According to another aspect, a method is provided that facilitates training operation of or inference operation of a machine learning model having a transformer architecture, the machine learning model including a linearization layer, a self-attention mechanism, and a feed forward network, the method being implemented by processing circuitry distributed across multiple computing devices each configured to implement an instance of the machine learning model, the method, performed at the linearization layer, the method comprising: obtaining an activation input matrix of activation input values; obtaining a weight matrix of weight values; dividing the weight matrix and activation input matrix into a plurality of weight subgroups and activation input subgroups, respectively; receiving, by each of the computing devices, a corresponding weight subgroup and activation input subgroup; performing, by each of the computing devices, binarization or ternarization by quantizing each of the weight values in the weight matrix of the received weight subgroup to a corresponding selected value from a predefined set of binary or ternary quantized weight values; computing, by each of the computing devices, a matrix arithmetic operation in parallel at least during training, wherein a result of the parallel matrix arithmetic operation is based on at least a portion of a weight matrix with the quantized weight values of the received weight subgroup multiplied by or summed with at least a portion of the activation input matrix of the received activation input subgroup; and combining the results of the parallel matrix arithmetic operations for each corresponding weight subgroup and activation input subgroup.

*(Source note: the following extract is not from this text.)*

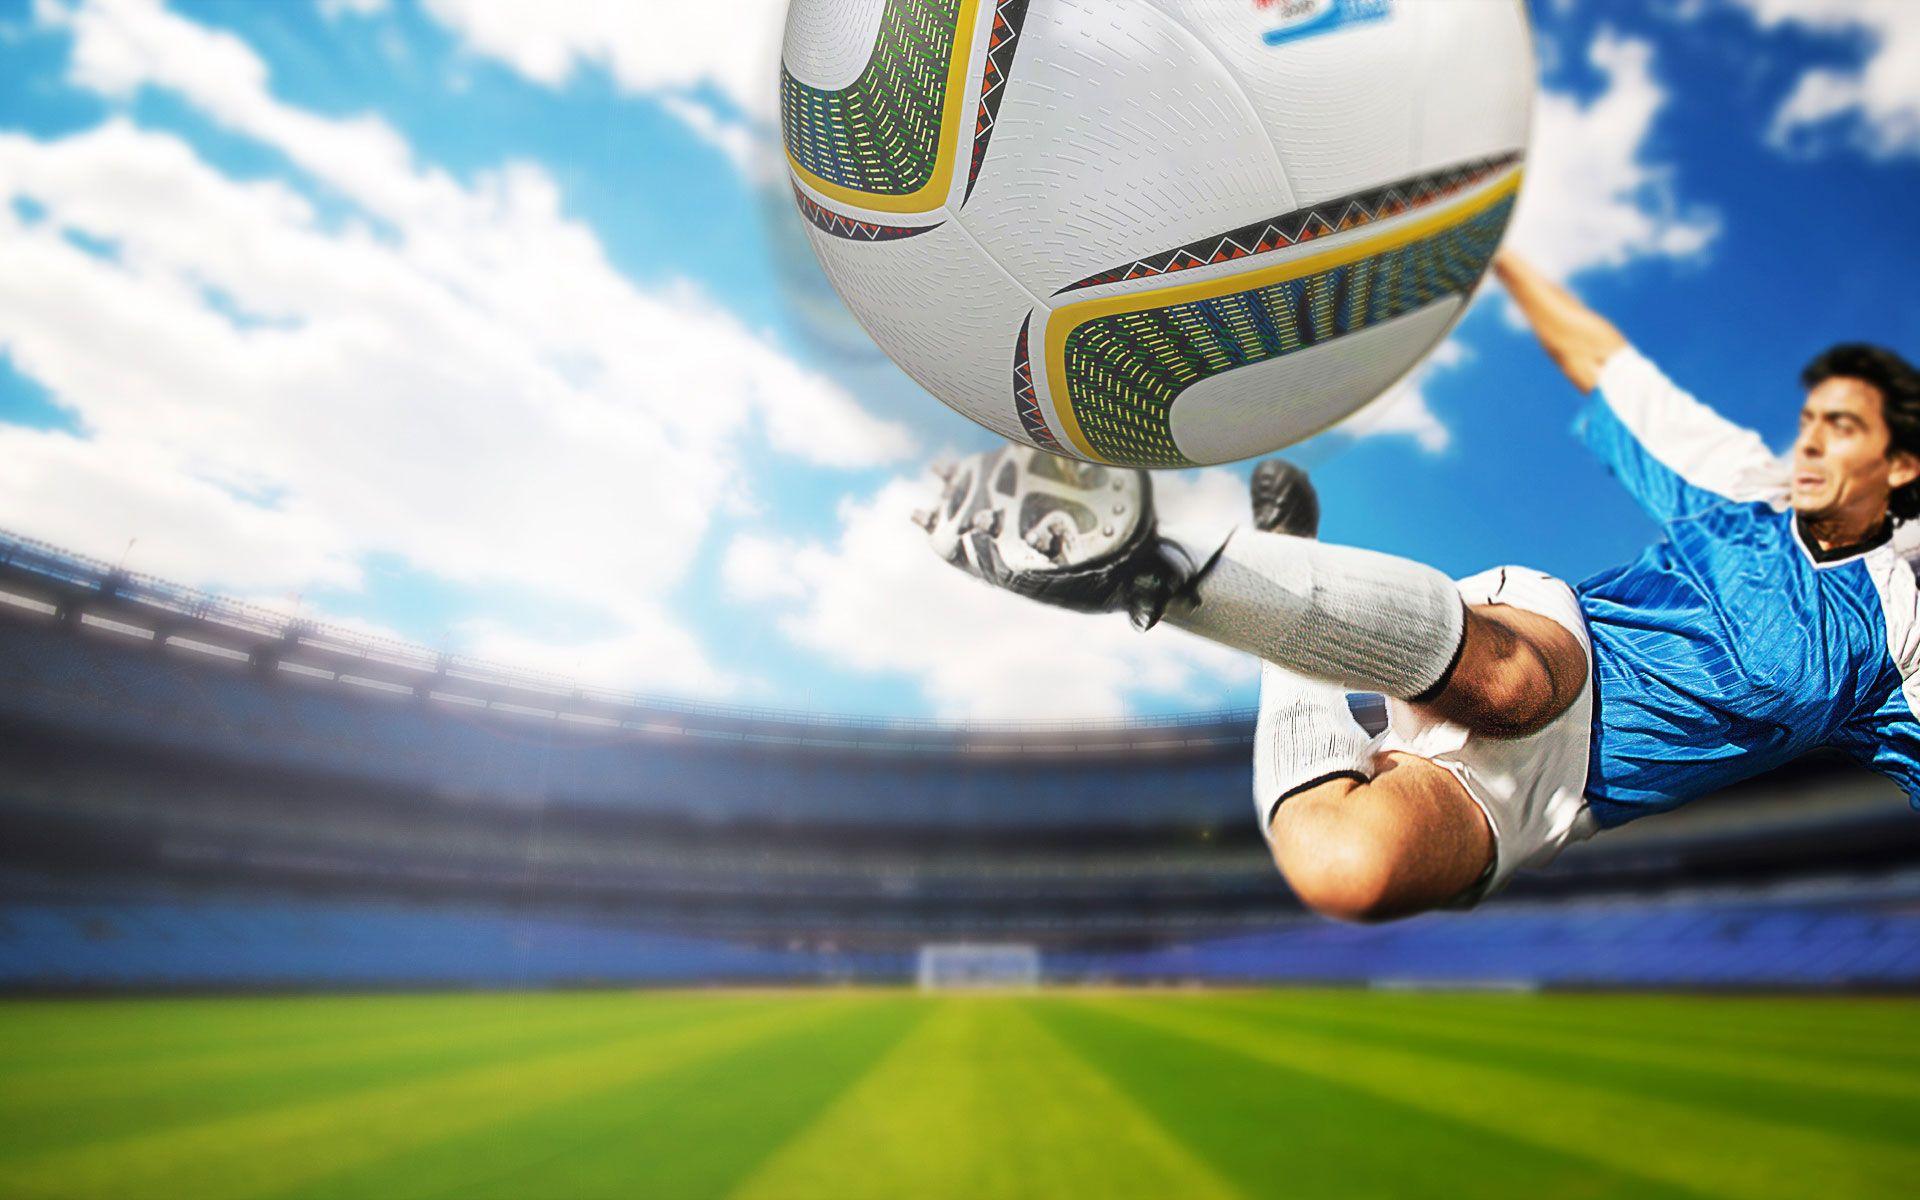 Sports HD Wallpapers Free Wallpaper Downloads Sports HD

“And/or” as used herein is defined as the inclusive or V, as specified by the following truth table:

A B A ∨ B True True True True False True False True True False False False

It will be understood that the configurations and/or approaches described herein are exemplary in nature, and that these specific embodiments or examples are not to be considered in a limiting sense, because numerous variations are possible. The specific routines or methods described herein may represent one or more of any number of processing strategies. As such, various acts illustrated and/or described may be performed in the sequence illustrated and/or described, in other sequences, in parallel, or omitted. Likewise, the order of the above-described processes may be changed.

The subject matter of the present disclosure includes all novel and non-obvious combinations and sub-combinations of the various processes, systems and configurations, and other features, functions, acts, and/or properties disclosed herein, as well as any and all equivalents thereof.